Most common human diseases appear to be polygenic, resulting from complex interactions of multiple genes. A variant of 1 gene may not be detrimental, but it might become detrimental in combination with specific alleles of 1 or more other genes. Such so-called susceptibility genes increase disease risk only a fewfold, yet they can have a major impact on the incidence of disease in the human population because of their frequency. Susceptibility genes are not sufficient to cause disease; they modify risk.
The Environmental Genome Project was initiated in 1997 to stimulate research into the role of genetic variation in the human body's response to environmental exposures.58 The goal is to catalog information about human genetic polymorphism and to apply this information to understanding disease susceptibility and individual responses to environmental exposure. Among the genetic polymorphisms of interest would be those coding for the following: cytochrome P450 metabolizing enzymes, which influence risk of smoking-induced lung cancer; N-acetyltransferase-2, which influences risk of smoking-induced bladder and breast cancers; paraoxonase, which influences pesticide-induced nerve damage; and glutathione S-transferase M1, which influences toxicities and cancer risks.
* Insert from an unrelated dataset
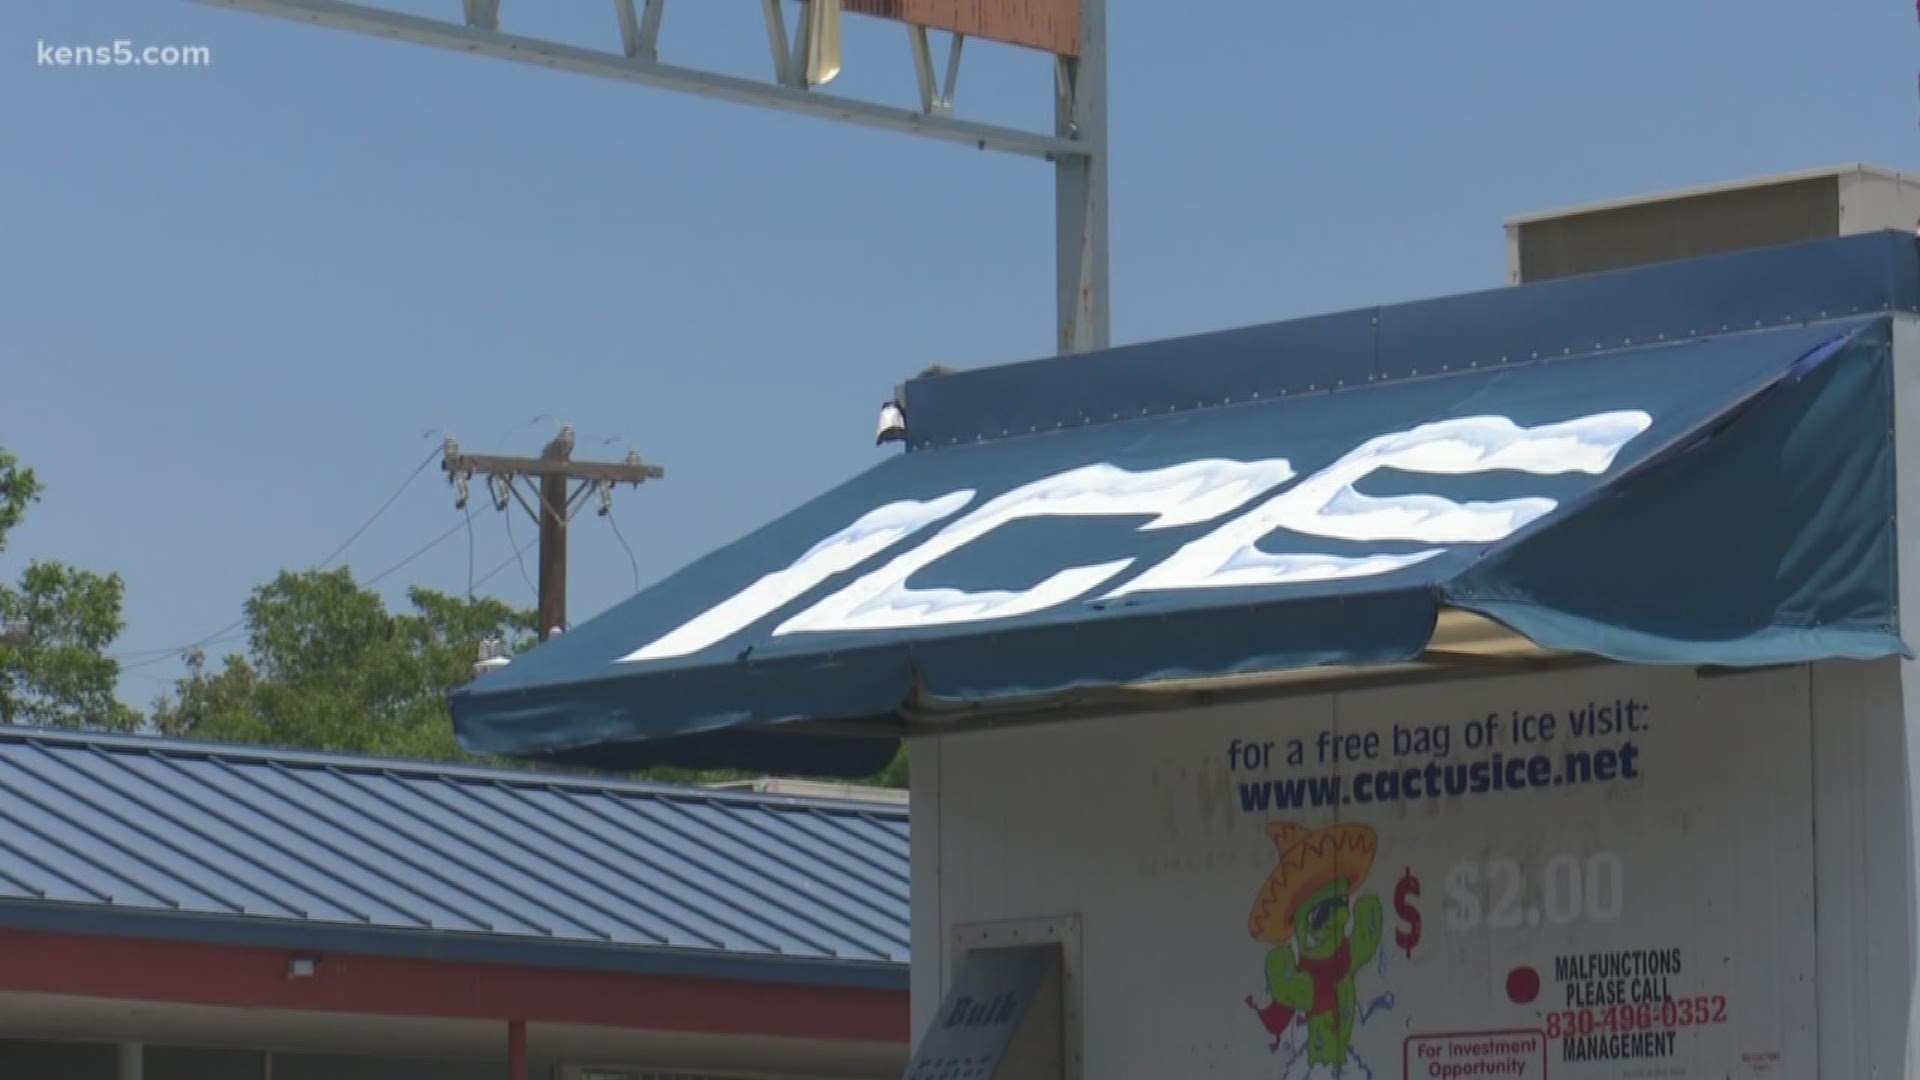 With the heat advisory in effect this weekend there are a lot of ways to beat the heat.Eyewitness News reporter Sue Calberg says you could go get a raspa, or you could rely on her grandma's secret recipe.

The Environmental Genome Project is being carried out in 3 phases.8 The first phase will identify polymorphisms in a set of genes that are likely to play important roles in environmentally associated diseases. The second phase will involve functional analysis of the various polymorphisms occurring in coding and regulatory regions of genes. This phase will require laboratory-based as well as population-based studies to establish that a specific polymorphism is associated with a specific disease. The third phase of the project will involve the development of animal models for use in studies of how environmental agents interact with specific polymorphisms to cause human illnesses. Throughout these phases, care is being taken to predict and manage the ethical risks implicit in any project that identifies individual risk of disease, particularly environmentally associated diseases. A full-time ethicist has been hired by NIEHS to oversee this aspect of the project and to stay current in this new and rapidly evolving field.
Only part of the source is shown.